Etxebarria, N., Anson, J. M., Pyne, D. B., & Ferguson, R. A. (2013). High-intensity cycle interval training improves cycling and running performance in triathletes. Eur J Sport Sci.
Gregor, R. J., Komi, P. V., & Järvinen, M. (1987). Achilles Tendon Forces During Cycling. Int J Sports Med, 08(S 1), S9-S14.
Midgley, A. W., McNaughton, L. R., & Jones, A. M. (2007). Training to enhance the physiological determinants of long-distance running performance: can valid recommendations be given to runners and coaches based on current scientific knowledge? Sports Med, 37(10), 857-880.
Millet, G. P., Candau, R. B., Barbier, B., Busso, T., Rouillon, J. D., & Chatard, J. C. (2002). Modelling the transfers of training effects on performance in elite triathletes. Int J Sports Med, 23(1), 55-63.

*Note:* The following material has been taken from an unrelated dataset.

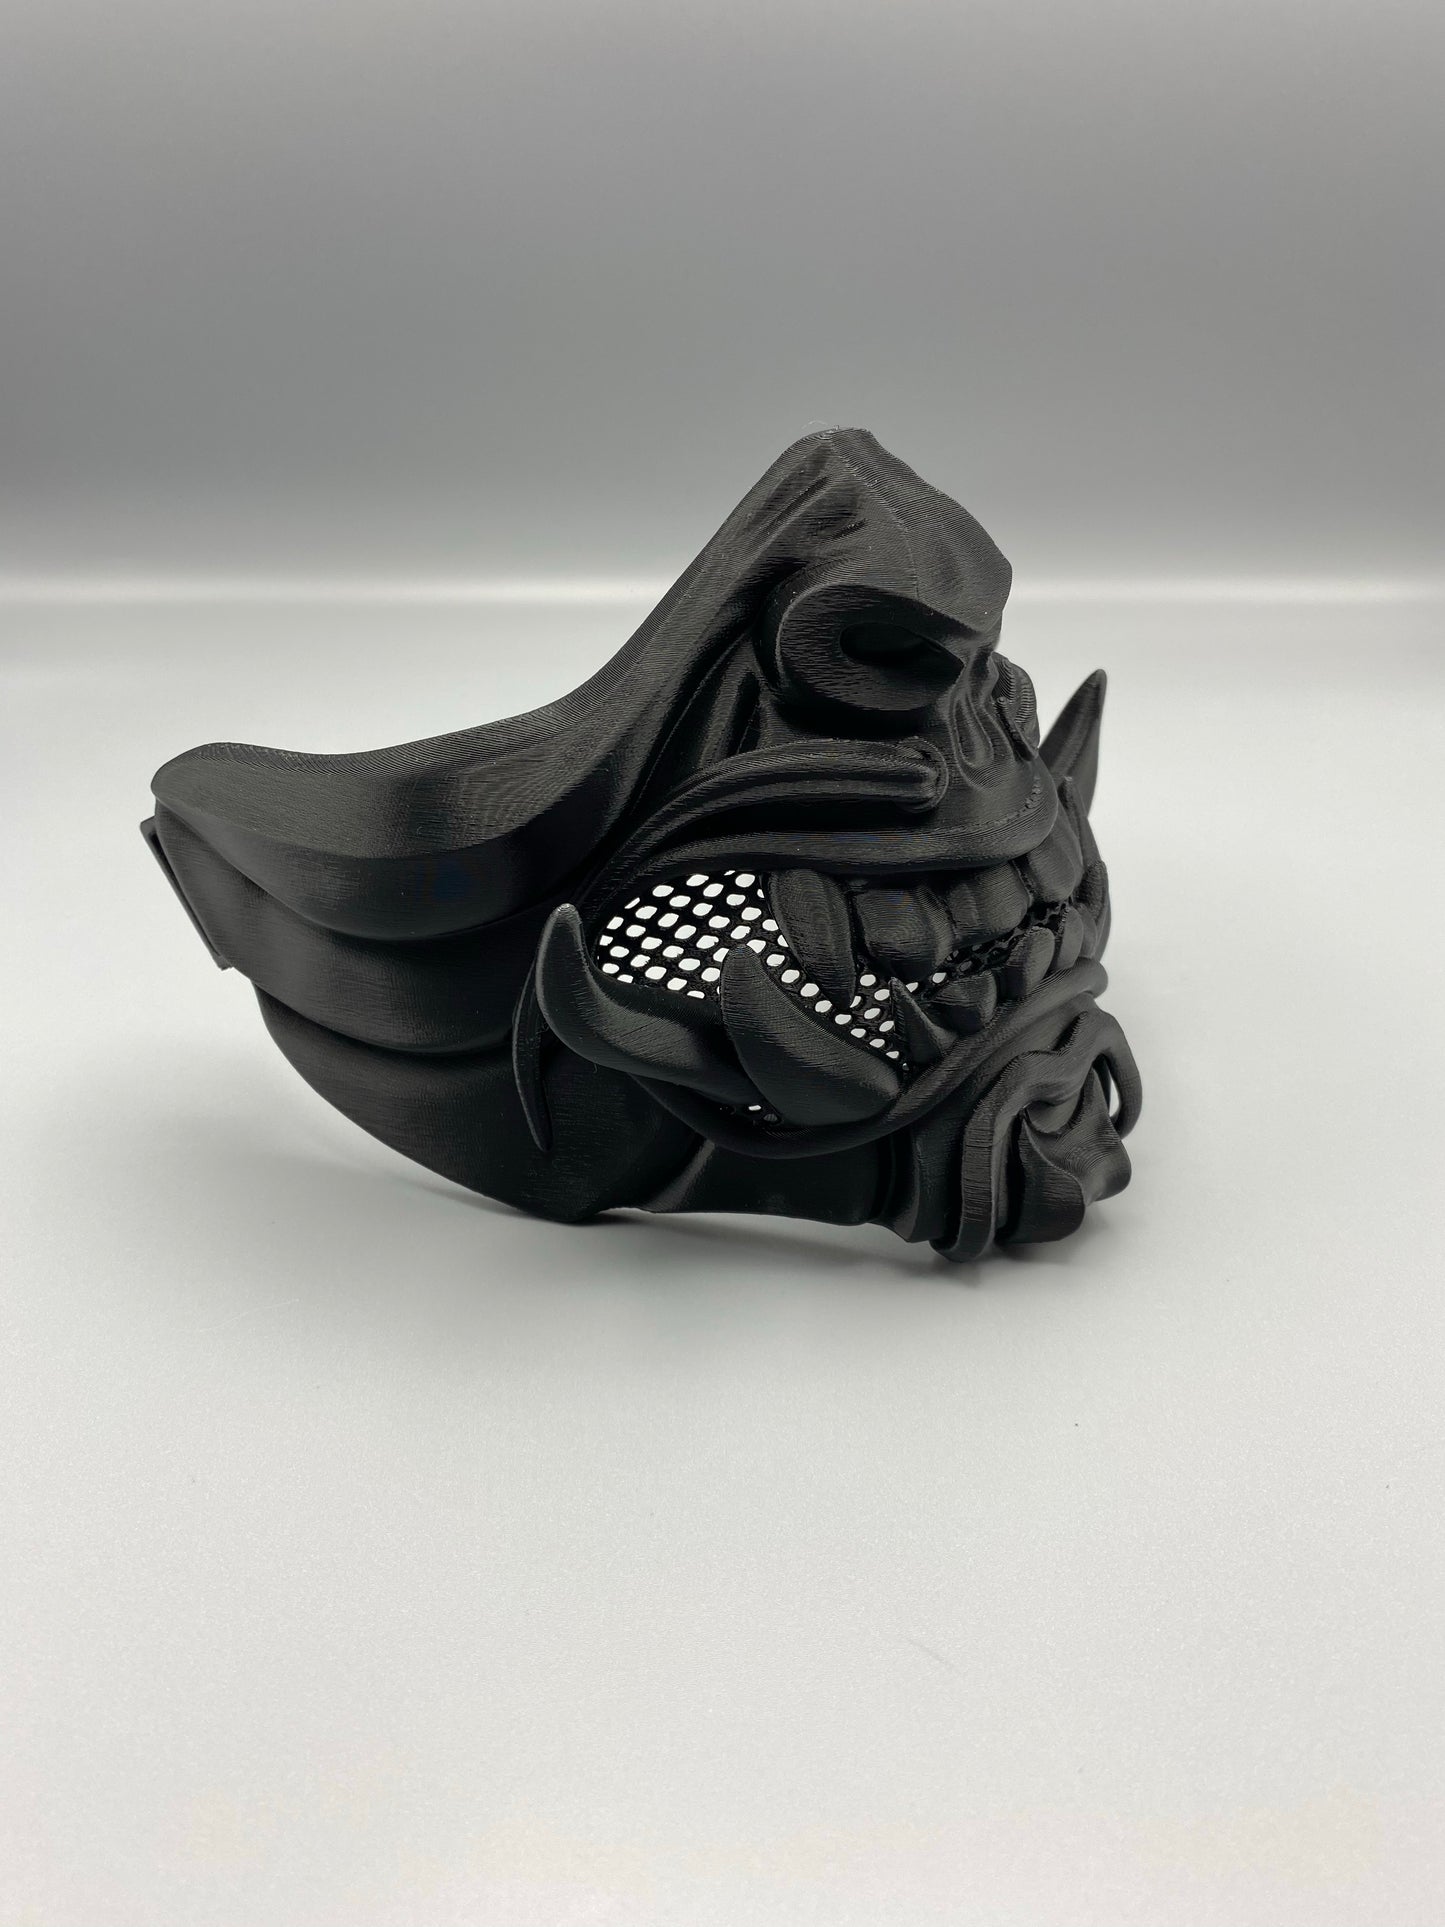 Samurai Oni Half-mask

Paavolainen, L., Hakkinen, K., Hamalainen, I., Nummela, A., & Rusko, H. (1999). Explosive-strength training improves 5-km running time by improving running economy and muscle power. J Appl Physiol (1985), 86(5), 1527-1533.
Ronnestad, B. R., & Mujika, I. (2013). Optimizing strength training for running and cycling endurance performance: A review. Scand J Med Sci Sports.
Ruby, B., Robergs, R., Leadbetter, G., Mermier, C., Chick, T., & Stark, D. (1996). Cross-training between cycling and running in untrained females. J Sports Med Phys Fitness, 36(4), 246-254.
Saunders, P. U., Pyne, D. B., Telford, R. D., & Hawley, J. A. (2004). Factors affecting running economy in trained distance runners. Sports Med, 34(7), 465-485.
Saunders, P. U., Telford, R. D., Pyne, D. B., Peltola, E. M., Cunningham, R. B., Gore, C. J., & Hawley, J. A. (2006). Short-term plyometric training improves running economy in highly trained middle and long distance runners. J Strength Cond Res, 20(4), 947-954.
White, L. J., Dressendorfer, R. H., Muller, S. M., & Ferguson, M. A. (2003). Effectiveness of cycle cross-training between competitive seasons in female distance runners. J Strength Cond Res, 17(2), 319-323.